А потом я увидел на карте то, что заставило меня привстать.
Корабли Суровцева отходили от разбитого гуляй-города не пустыми. Эти паразиты цепляли форты буксирными тросами — деловито, по-хозяйски, как грузчики, которым сказали освободить квартиру до вечера. Одна коробка, вторая, пятая, десятая. К своему сектору гвардейские крейсера уводили около трёх десятков крепостей.
Запретить ему это я не мог: в нашей с Граусом сделке про форты не было ни слова, и Суровцев, надо отдать ему должное, нашёл прореху в договоре быстрее любого юриста. Проиграв кампанию, он выносил из неё всё, что пролезало в двери. Есть люди, которые даже поражение оформляют как накладную.
Зимина противодействовать тоже не могла — у кораблей её дивизии не осталось ни хода, ни орудий, ни, подозреваю, сил на ярость. Зато остался голос. Я поймал её приказ в открытом эфире и слушал его, как музыку:
— Командам фортов — покинуть платформы на спасательных челноках. Немедленно. Перед уходом вывести из строя орудия и приводы. Ломайте всё, что откручивается. Что не откручивается — ломайте тоже.

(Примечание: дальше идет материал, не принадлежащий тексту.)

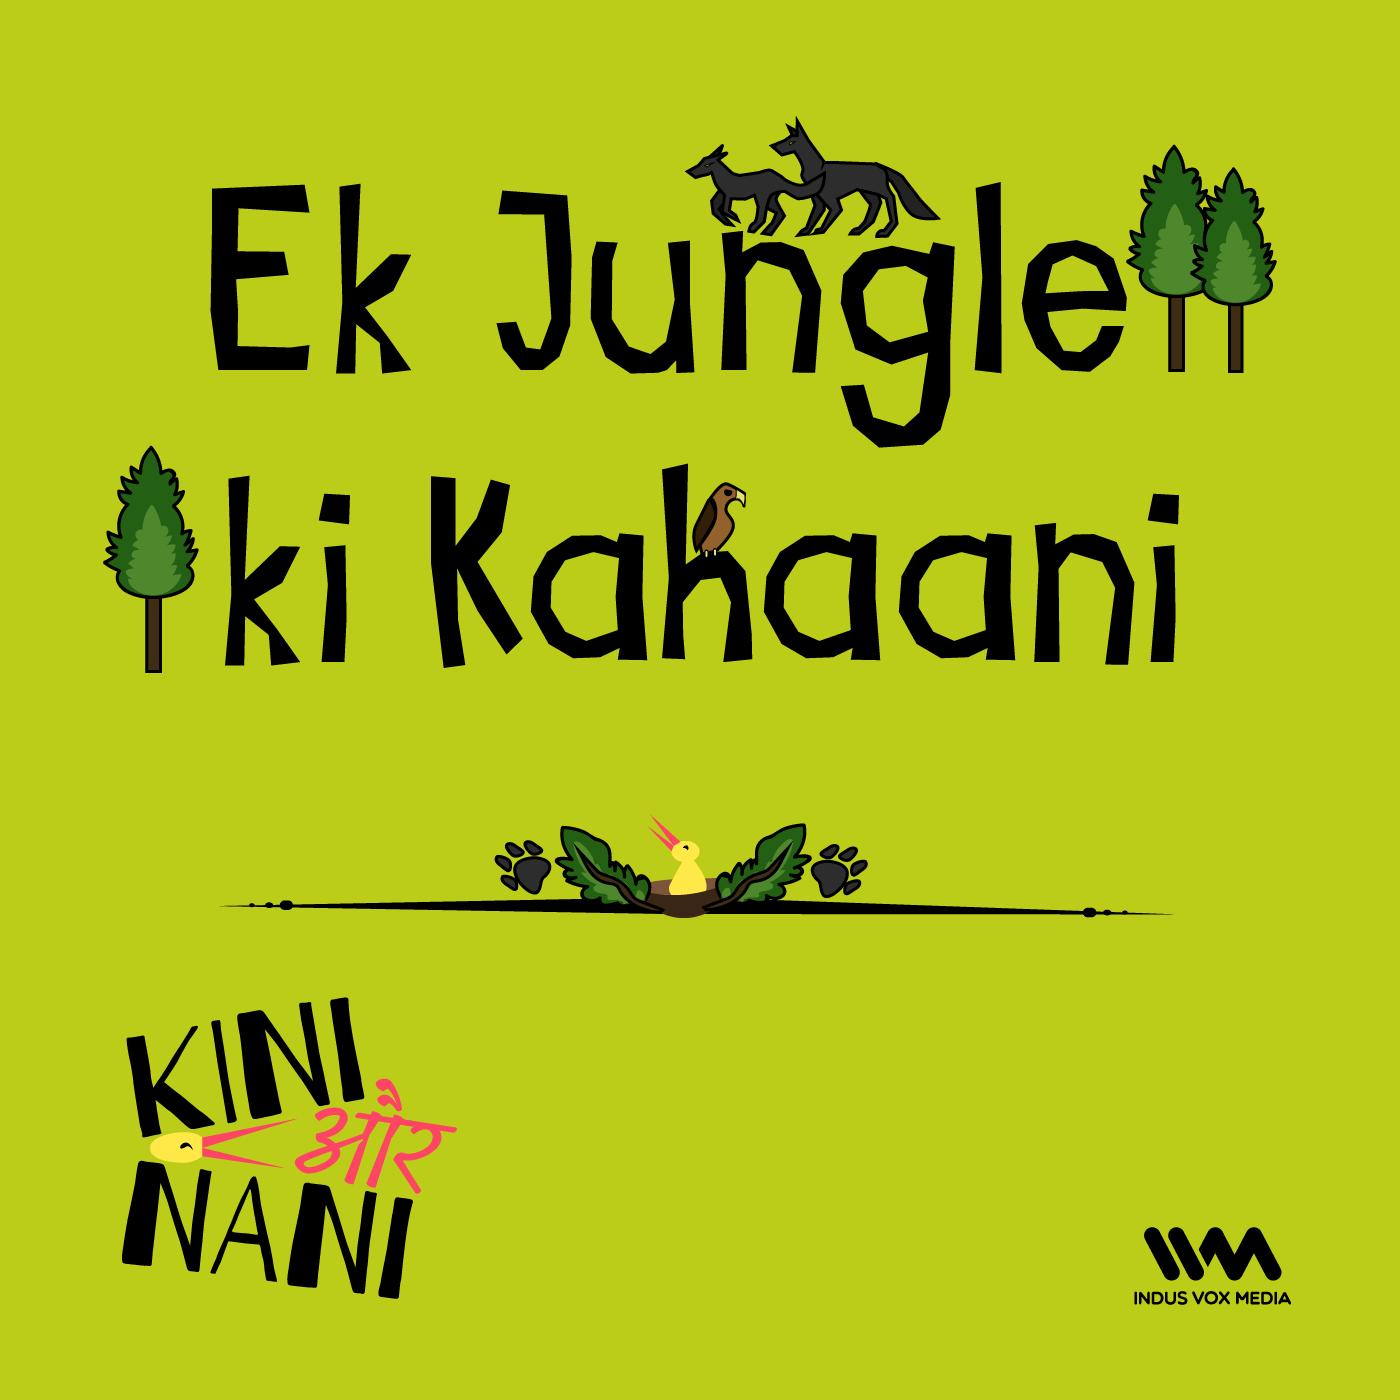 Ek Jungle ki Kahaani

Челноки посыпались с уводимых фортов, как семена с одуванчика, и я представил себе лицо Суровцева, когда его трофейные платформы прибудут на место — со так называемыми «заклёпанными» стволами, раззорёнными погребами и надписями, которые экипажи наверняка оставили на переборках в качестве прощального привета.
— Александр Иванович, — Жила обернулся от пульта, и вид у него был человека, которому одновременно позвонили из двух налоговых. — Вас вызывают. «Паллада» и «Елизавета». Обе. Одновременно.

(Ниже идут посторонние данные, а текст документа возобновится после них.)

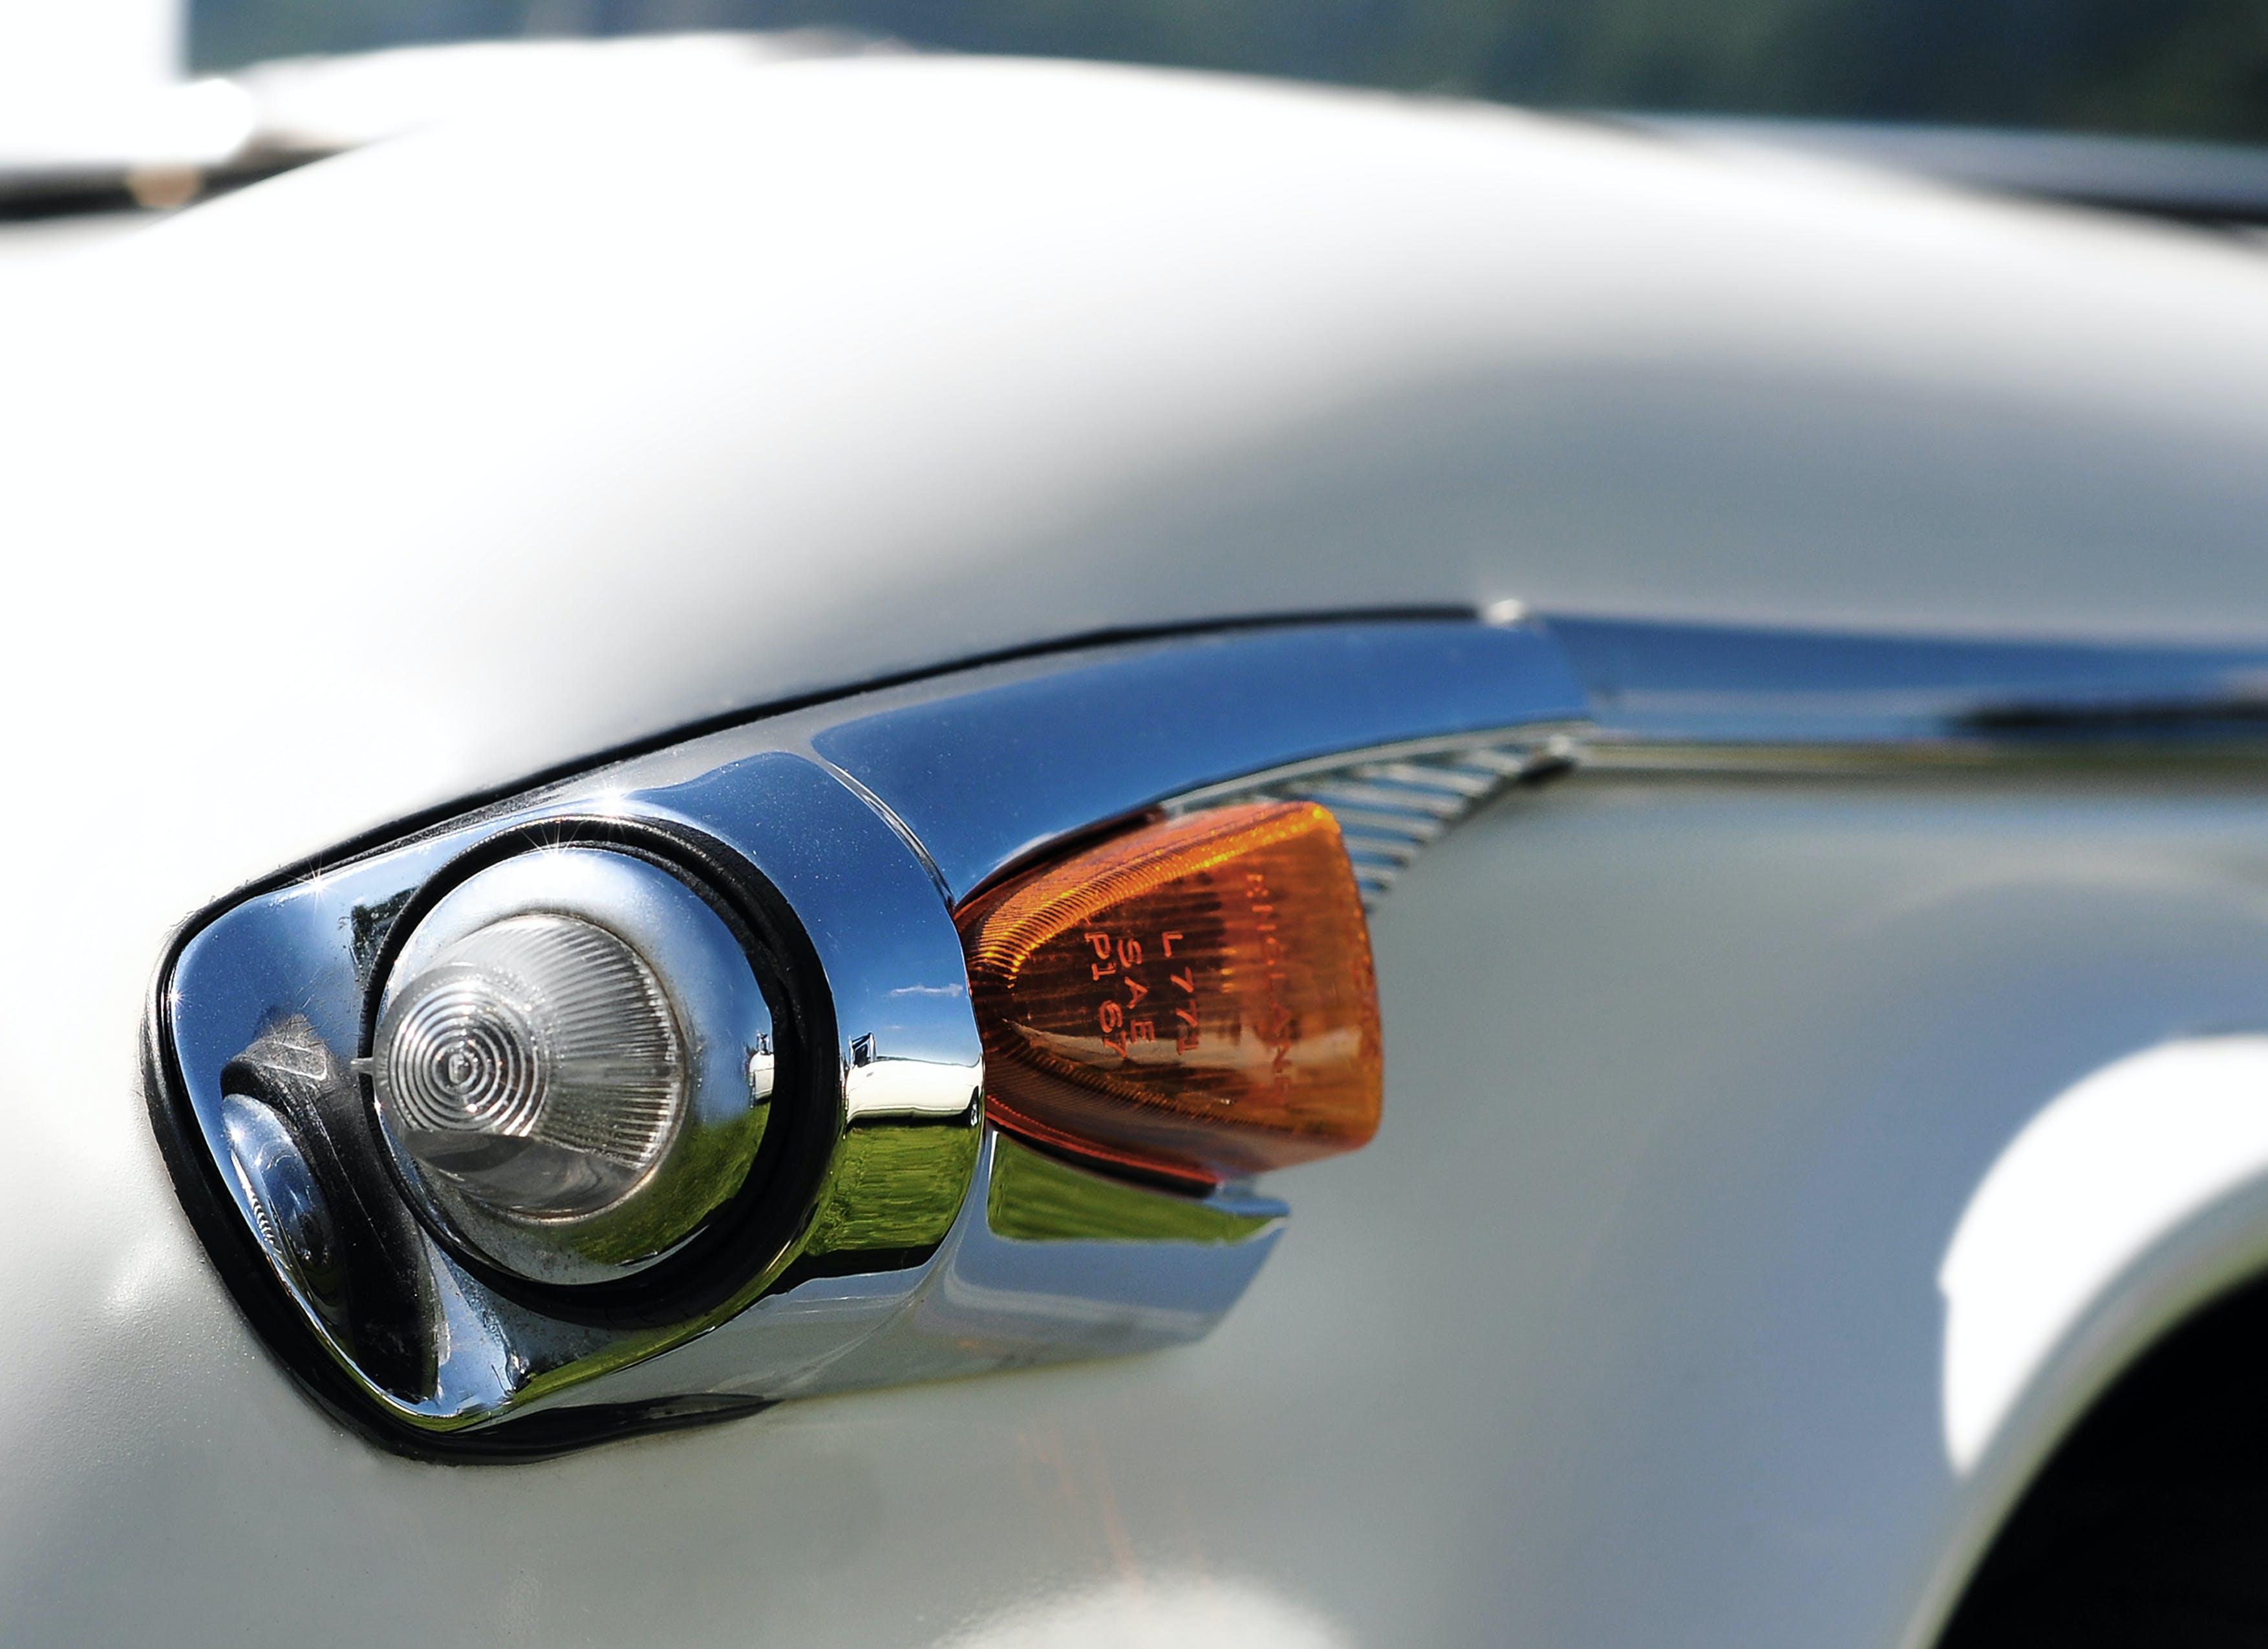 Free stock photo of classic car, detail, indicator light, Triumph TR5

— Соединяй обеих, — вздохнул я. — Умирать, так с музыкой.
Они появились на экране рядом — Хромцова и Зимина, два лица, на которых читался один и тот же вопрос, заданный с разной степенью вежливости. Вопрос опередила Агриппина Ивановна — у неё это семейное:
— Васильков. Почему они отходят?
— Потому что им приказали.
— Кто?
— Первый министр Граус. По моей просьбе.
Две секунды обе молчали, и я почти слышал, как со скрипом поворачиваются жернова этой фразы. Потом я коротко, без художественной отделки, изложил суть: сделка с Птолемеем, огонь прекращён, коридор гарантирован, мы оставляем столичную систему и уходим в «Сураж». Все. С императором.
— По какому праву?
Это спросила не Хромцова и не Зимина. Третий голос вошёл в канал, как входят в комнату, не постучав, и от этого голоса обе моих собеседницы одновременно выпрямились. Княжна Таисия Константиновна подключилась с планеты — и, судя по первым же словам, слушала нас уже не первую минуту.
— По какому праву, контр-адмирал, вы заключаете сделки от имени императора? Кто вас уполномочил? — она говорила негромко, но это была та негромкость, при которой в залах перестают звенеть бокалы. — Вы знаете, сколько было заплачено за эту систему? Сколько экипажей осталось на орбите? Люди умирали за то, чтобы над этой планетой висел наш штандарт, а вы предлагаете его снять одним росчерком, в частном разговоре, не спросив никого. Это невозможно. Я отказываюсь в это верить.
Вопрос был хорош тем, что ответа на него у меня не было. Точнее, был, но короткий: никто. Никто меня не уполномочивал. Я торговал чужой столицей, как своей, именно потому, что спрашивать разрешения было некогда, — и княжна с безошибочностью, которой позавидовал бы любой канонир, ударила ровно в этот шов.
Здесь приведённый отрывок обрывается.